While this is excellent from the standpoint of not wanting to leave my employer in the lurch when I depart (i.e. I get to inadvertently train a replacement), I'm an honest person and will have a difficult time attempting to entice people to join up when I myself no longer believe it's a good place to work.

Is there any way I can deal with this? Should I be as up-front as I can about the company's failings while trying to put a positive face on it, or suck it up and pretend it's a great place? Should I be 100% honest (aside from the leaving soon part) and hope someone still wants the job enough to go for it?

In case it matters, I program as part of a small IT team at a medium-sized (and growing) company, but one where the management pressures us to buy cheap, off-brand equipment, makes unrealistic feature/release-date demands on the software I write for them, and just generally doesn't seem to appreciate the fact that their entire business is predicated upon having a solid technical infrastructure (it's a technology services firm of sorts).

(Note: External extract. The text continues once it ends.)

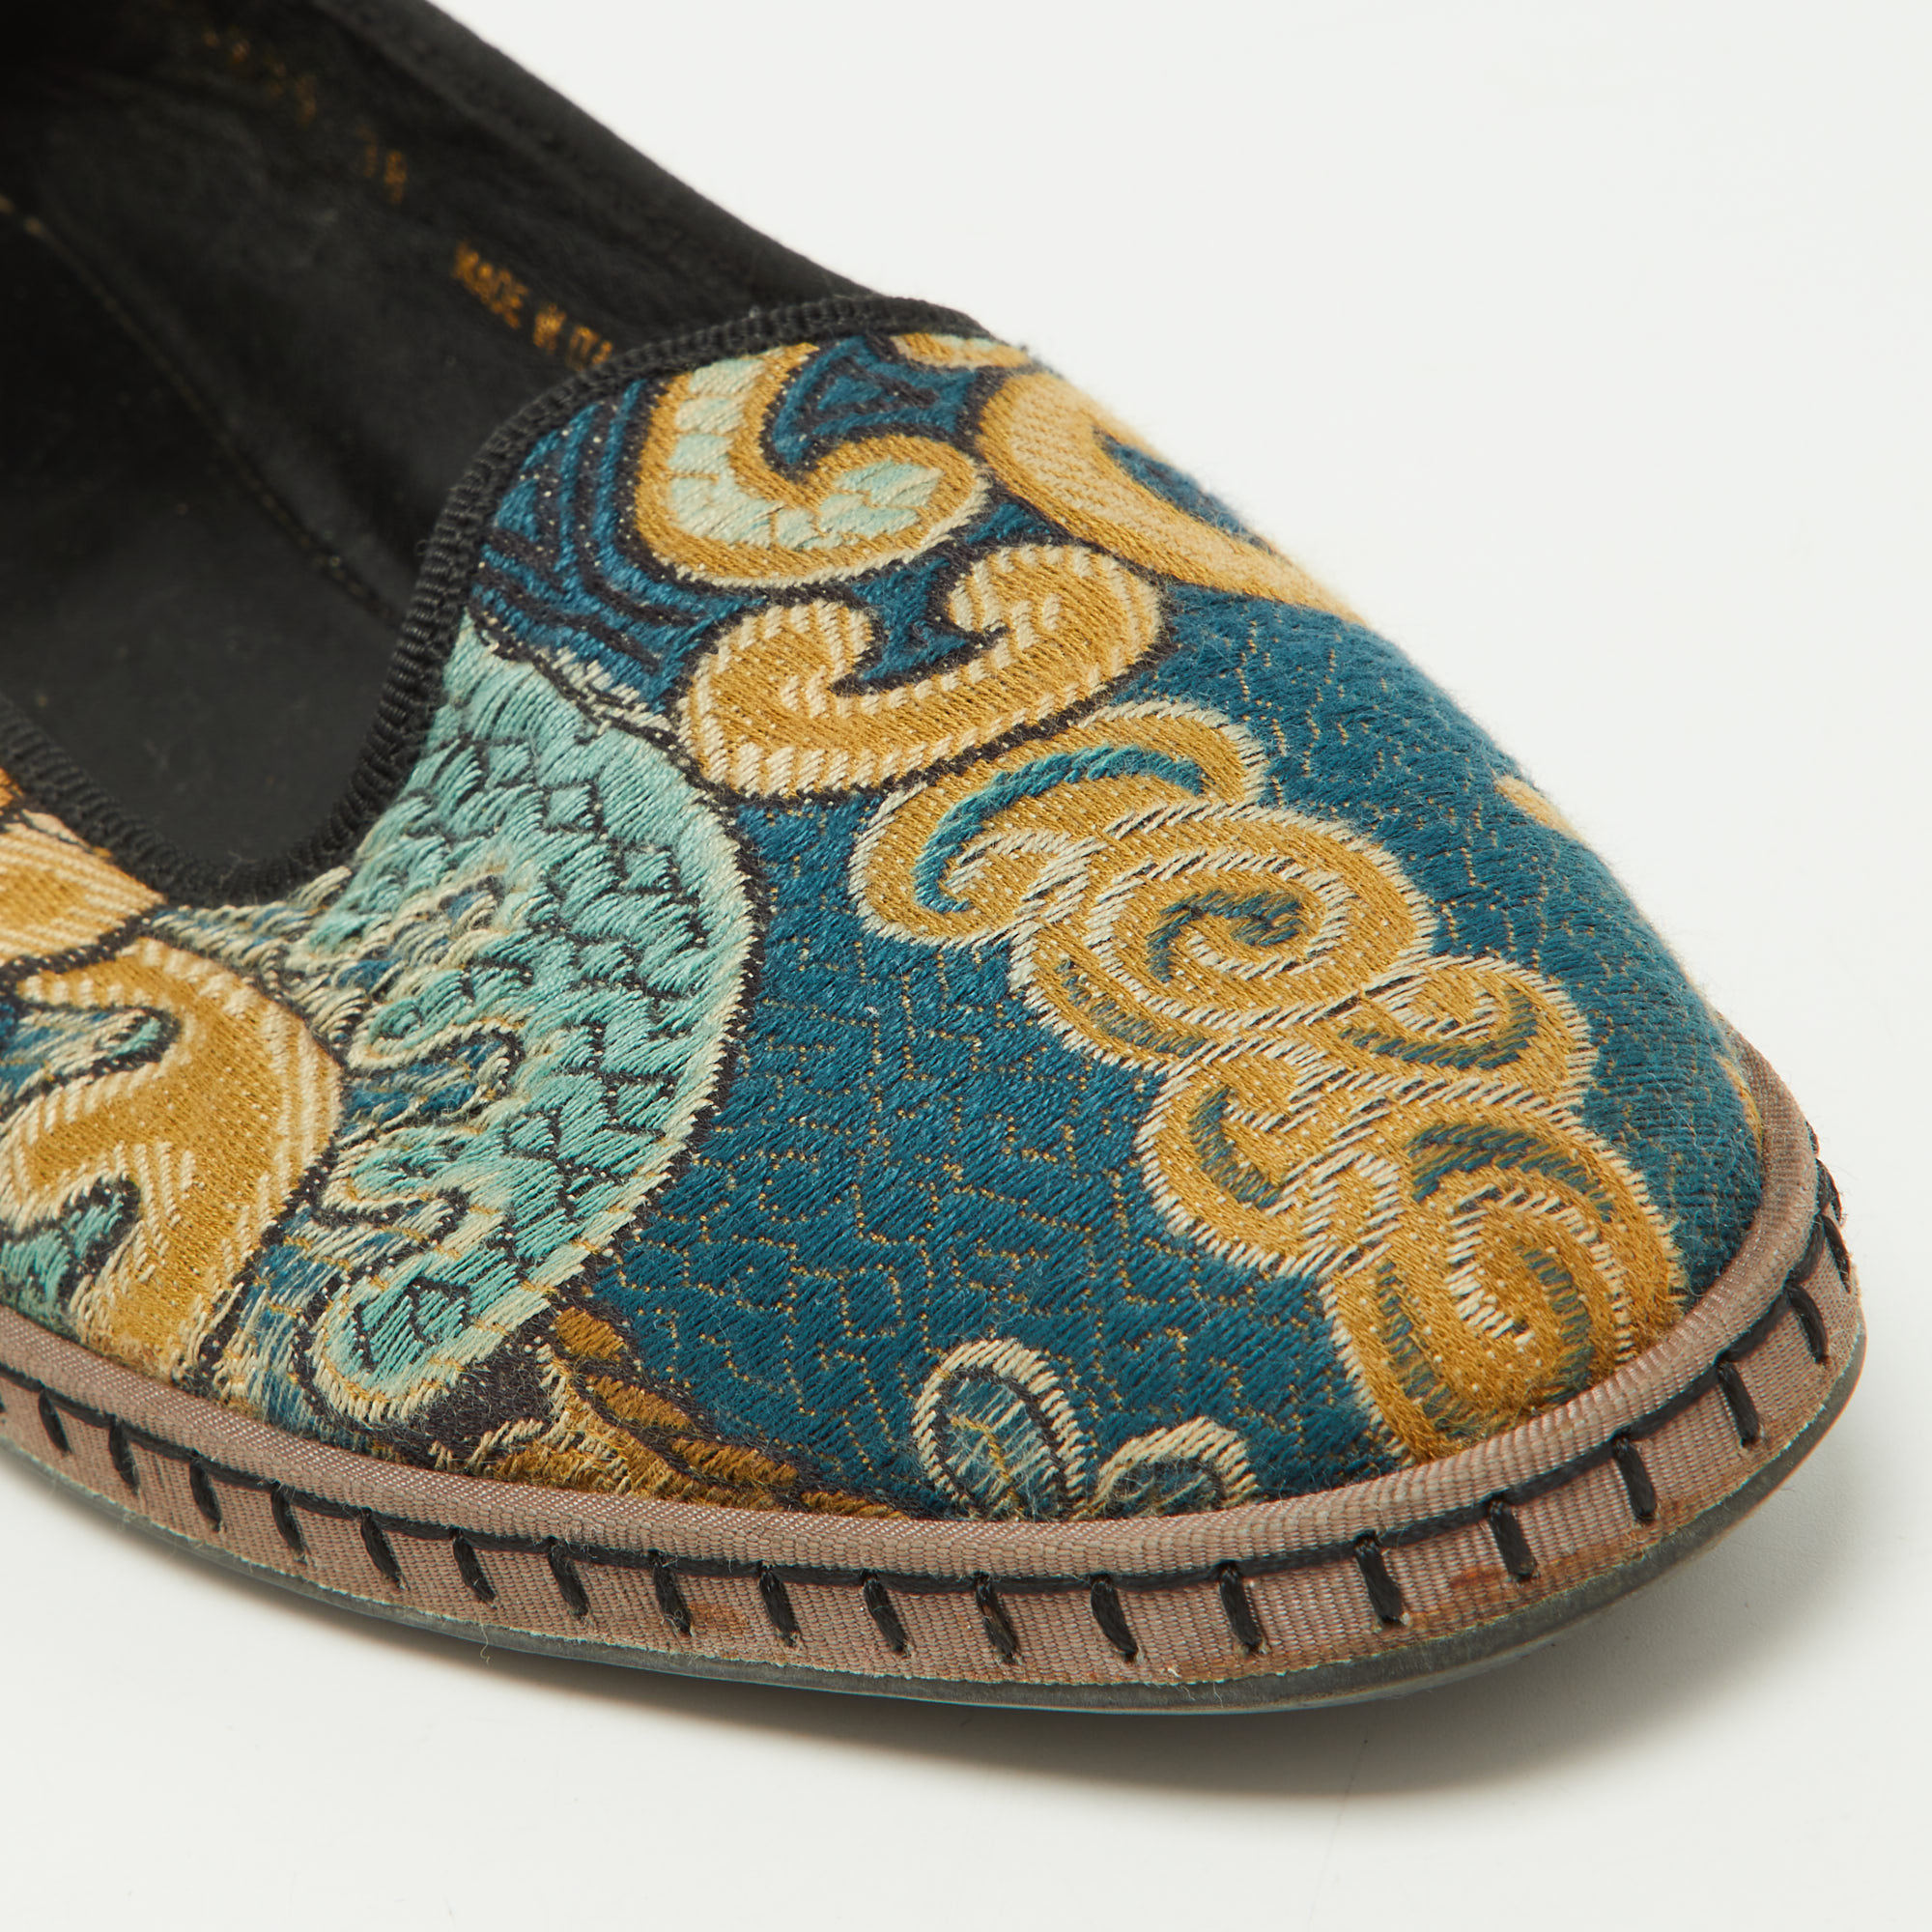 Etro Multicolor Embroidered Fabric Smoking Slippers Size 38

Throwaway email is godhasjoinedthechannel@gmail.com .
posted by anonymous to Human Relations (14 answers total) 1 user marked this as a favorite
 
Sounds like a tough task. It might help to get a good sense of each candidate and what they are looking for in an employer/work environment. This will let you know if they'd be a good fit or not. If someone is leaving their present employer for similar reasons, then they probably aren't a good candidate for this job and even if you tell them the truth and they are desperate enough to take it, chances are you'll be replacing them before you jump ship. If a candidate seems like they'd work well in that environment, then hire them.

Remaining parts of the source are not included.